Industrial Policy for Innovation and Employment Creation: Challenges and Way Forward towards Make in India & #AtmaNirbharBharat
The State of Employment – #EmploymentDebate on Industrial Policy for Innovation and Employment Creation: Challenges and Way Forward towards Make in India & #AtmaNirbharBharat by Prof Francis Kuriakose
Greetings from Impact and Policy Research Institute (IMPRI), New Delhi!
On behalf of the Center for Work and Welfare (CWW) at IMPRI and Counterview, we invite you for IMPRI #WebPolicyTalk –
The State of Employment – #EmploymentDebate
Details of the #WebPolicyTalk:
Date: November 4, 2020; Wednesday
Time: 17:00 IST (GMT+5:30)
Platform: Zoom and Facebook Live
Speaker:
Prof Francis Kuriakose, Assistant Professor, Bharathiar University, Coimbatore, Tamil Nadu; Adviser, Cambridge Development Initiative, University of Cambridge.

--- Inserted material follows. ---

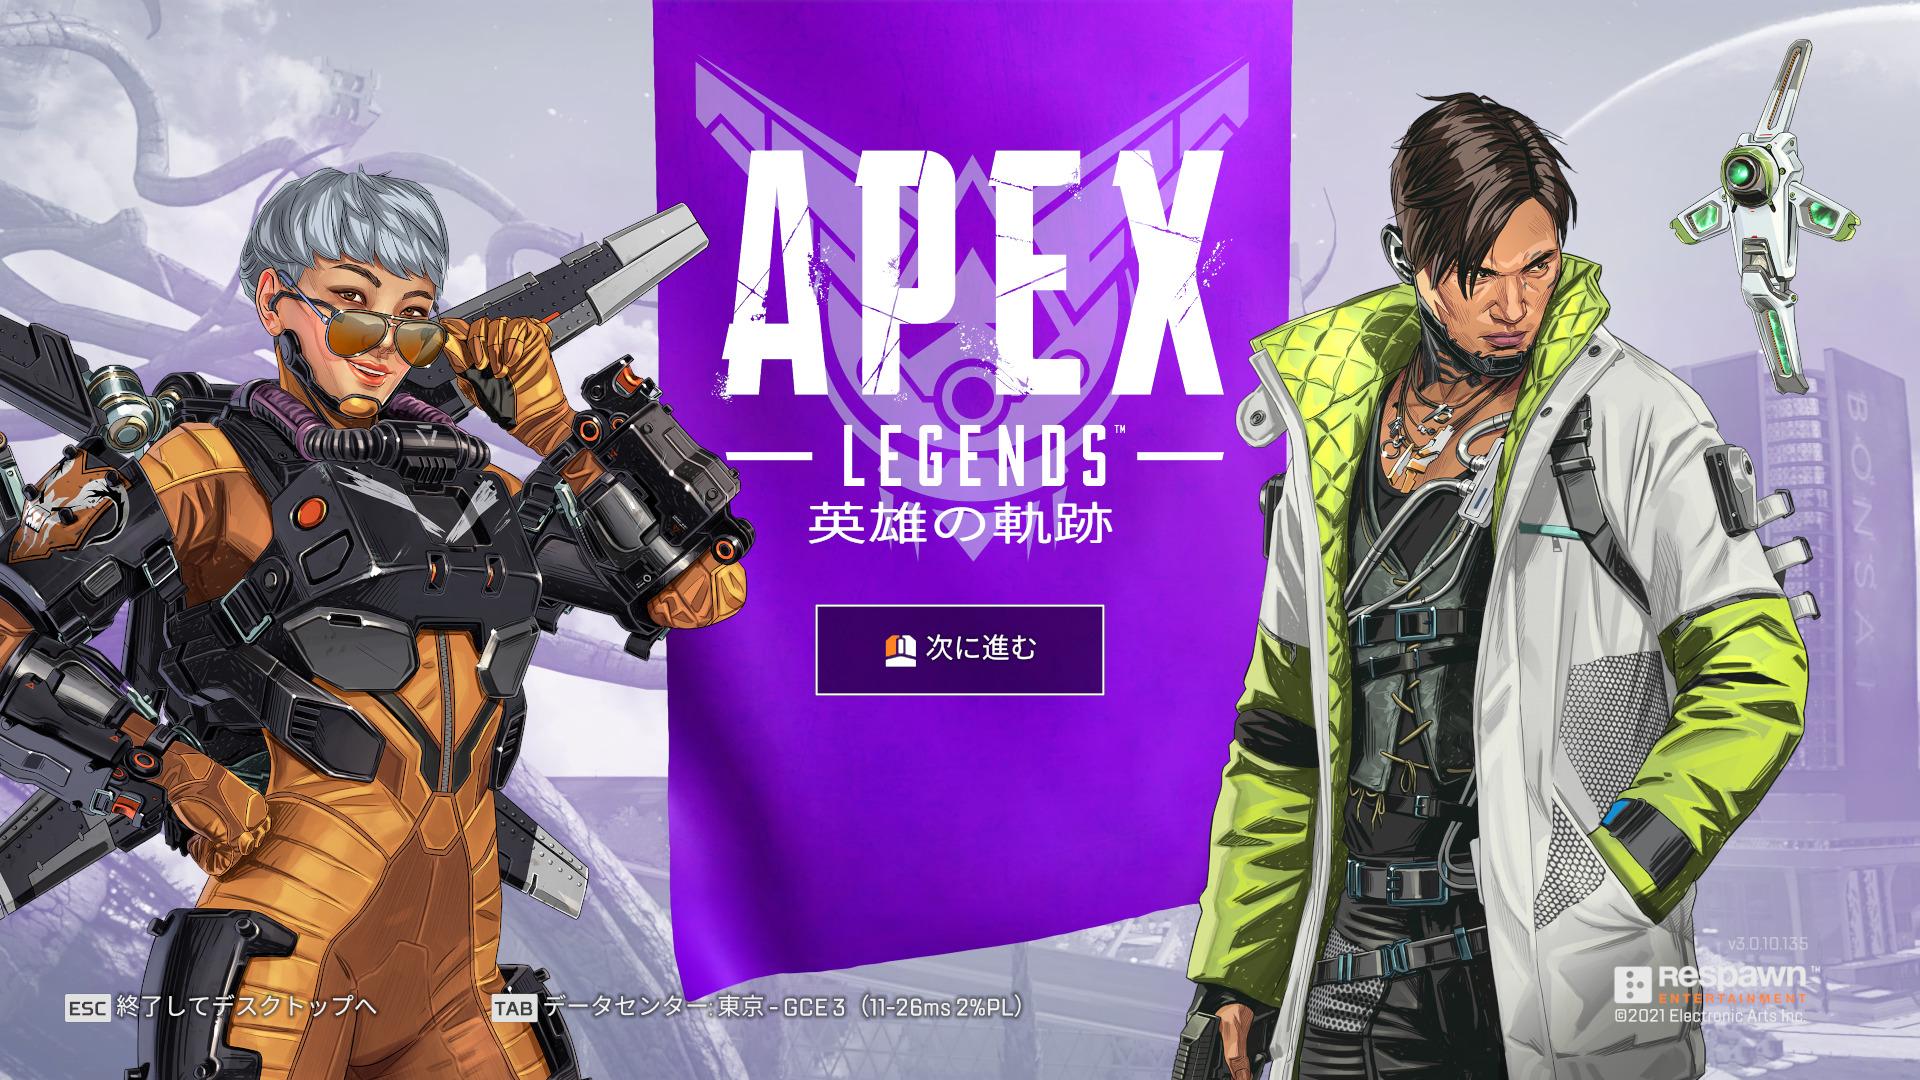 【Apex Legends】レガシー(シーズン9) はいつまで?【エーペックスレジェンズ】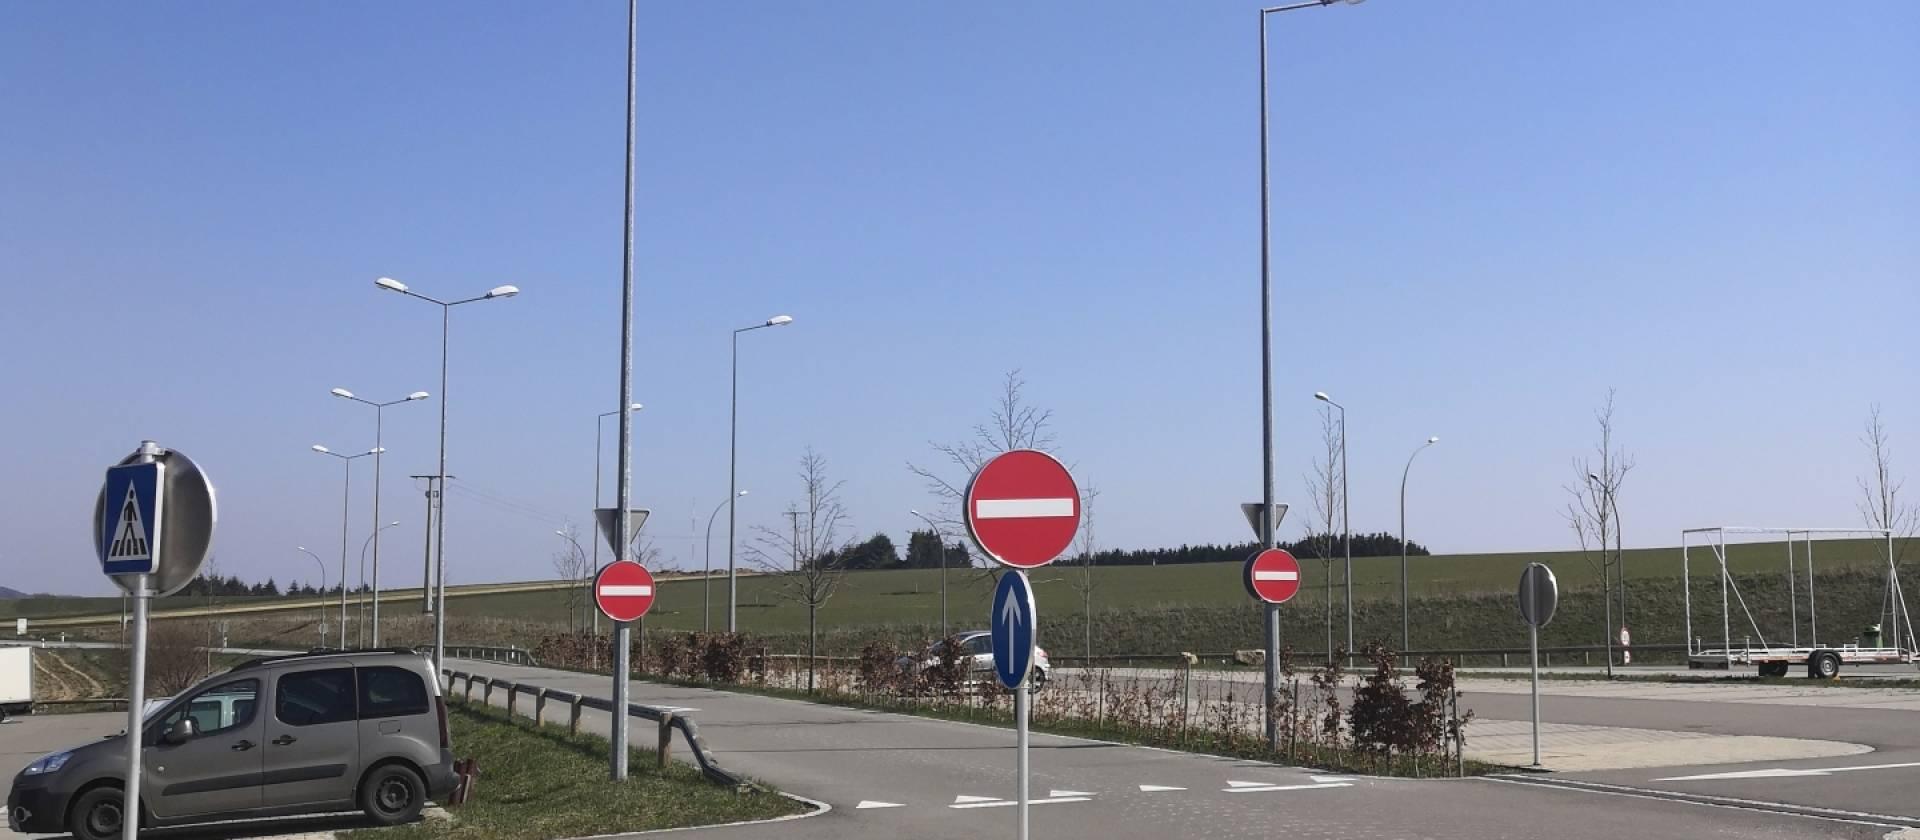 p r jonglenster parking

His research interests include labour economics, financial markets and innovation. He is currently working on the impact of technology on economic growth. Francis has previously been associated with XIME Bangalore, National Institute of Securities Markets, Mumbai and General Electric (GE), Hyderabad.
Moderator:
Dr Balwant Singh Mehta
Registration and Facebook Live Link:
About the Talk:
The Indian economy was in a state of deceleration well before COVID-19. This can be inferred from the declining trends of four macroeconomic variables by the end of 2019 – quarterly GDP growth rate, industrial output in eight core sectors, gross tax revenue, and demand for electricity. For India, COVID-19 and its long containment exacerbated this situation. The ILO and ADB report ‘Tackling the youth employment crisis in the Asia and the Pacific’ estimates India’s youth unemployment at 32.5 per cent with the loss of 6.1 million full time jobs mainly in agriculture, construction, and retail sectors (ILO and ADB, 2020). It is at this juncture that an industrial policy for India focusing on innovation and employment is discussed.
The fourth industrial revolution is the broader context in which the problem is situated and policy solutions sought. There are three main waves that fourth industrial revolution brings for middle-income countries such as India. The first is automation and its associated job polarization. In India, automation resulted in the change in labour composition as well as decline in labour productivity and labour share in income in medium-high technology manufacturing. The second wave is big data and the opening of new middle-market segments of consumer driven service sectors such as banking, finance and insurance, retail, healthcare and data analytics. The third and the final wave is machine learning and internet-of-things capabilities. The beginning of this wave is already altering innovation spaces, research and development in medium to high-technology manufacturing in India, making them more competitive and export-oriented.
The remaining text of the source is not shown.